Behind The Scenes - Kelsey and The Motorcycle

October 20, 2015  •  Leave a Comment

One of the things that I personally take pride in is when I get to revisit a subject and try to improve upon whatever I did the first time. It's why i will revisit certain spaces over and over seeking to make improvements. I live by a maxim that I will learn more from what I screw up than what I get right. This month I had the chance to revisit a model that I have shot before but it's been over 3.5 years since the last time. 

Kelsey is a beautiful redhead and if anything is getting more attractive with age. Her fiancé is the owner of a Brooklyn landmark called Lucky 13 Saloon. Someone reached out and one thing led to another and the idea that we should do a shoot in the bar with her man's motorcycle as a central prop took on a life of it's own. We scheduled for a few days later and here's what happened....

For this BTS shot there are three lights. Many of the shots during the day were done with two. Two is my normal with the Nikon SB-910 and SB-700 being my workhorses. In this shoot I added a SB-500 to the mix on the ground to fill in some detail in the motorcycle and to give a little more shine to the motor. 

I am not a product photographer so Kelsey remains my priority but I did want the image to have some pop and show the bike for the piece of art that it was.

The process I use to create the image (and all my flash images) is always the same. 

1. I pick an aperture based on how much depth of field i want. For this image I was shooting with the Nikkor 35 1.4. Wide lenses have more DOF even at small apertures and since this image was about Kelsey and the motorcycle I picked F2. This would allow for the club and the posters to be part of the image but more as an afterthought while driving the focus where I wanted it. The lights that are added later are also a part of this. 

2. The next step is to pick a shutter speed that gives me an exposure that I want for the scene. NOT for the model. The model will be lit later and it's a very helpful tool to think of the final image as two different exposures. One for the ambient/background and one for your flash/subject. In this case I wanted very little light from the club so I picked 1/100th of a second. The club was already dark so at f/2 at ISO 64 the first image is what I got at 1/100th. More than fast enough for me to produce a sharp image later when the lights are added

3. Light the subject. In this case I used two main lights. On camera right is the Impact Hexi 24 with a grid. The grid is important as it controls the throw of the light and keeps it focused on Kelsey while also maintaining a soft light. An umbrella would have given me a nice large soft light source but also would have thrown far more light all over the background which i didn't want. The other main light is to camera left and comes from my favorite mod. The flashbender from rogue. It's my favorite because it gives a nice quality of light while fitting in the laptop part of any bag i carry. It also allows for lots of flexibility (pun intended) 

For expample - the ceiling was black and high and not a great bounce surface so i curved the top of the flashbender forward so that i was throwing more light toward Kelsey rather than wasting it on the ceiling.

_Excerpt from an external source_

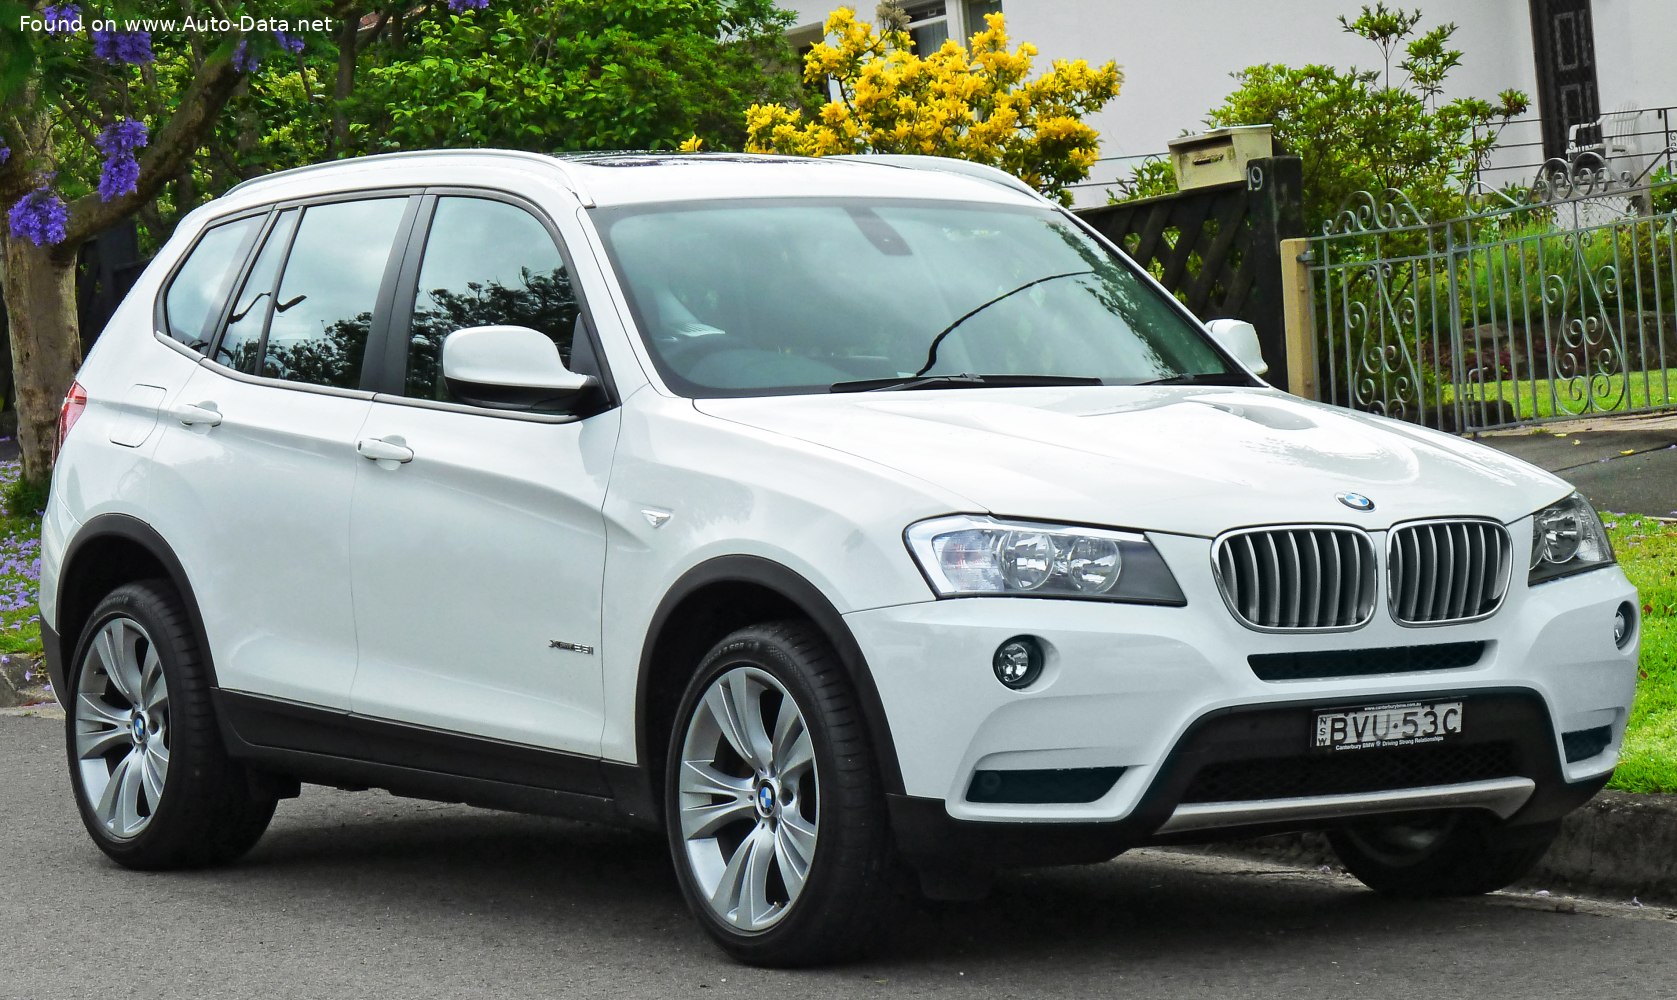 BMW X3 (F25) Photos and Specs. Photo: X3 (F25) BMW models and

I could have bent it on a side angle as well to control spill to the back wall but I was fine with the posters showing since the f/2 aperture assured they wouldn't be in focus and thus not the focus. 

I added the SB-500 as a kicker. I love this little flash as it can be a remote and also has a built in LED in case i need some fill while doing video. 

I would have moved the lights a little farther away but the dimensions of the shooting area prevented it so instead I cropped the final image. If it was an add for the club I would have stopped down to make the Lucky 13 in the back sharper and I would have moved the Hexi 24 more to the right or had a VAL hold it up and out of the way of the logo.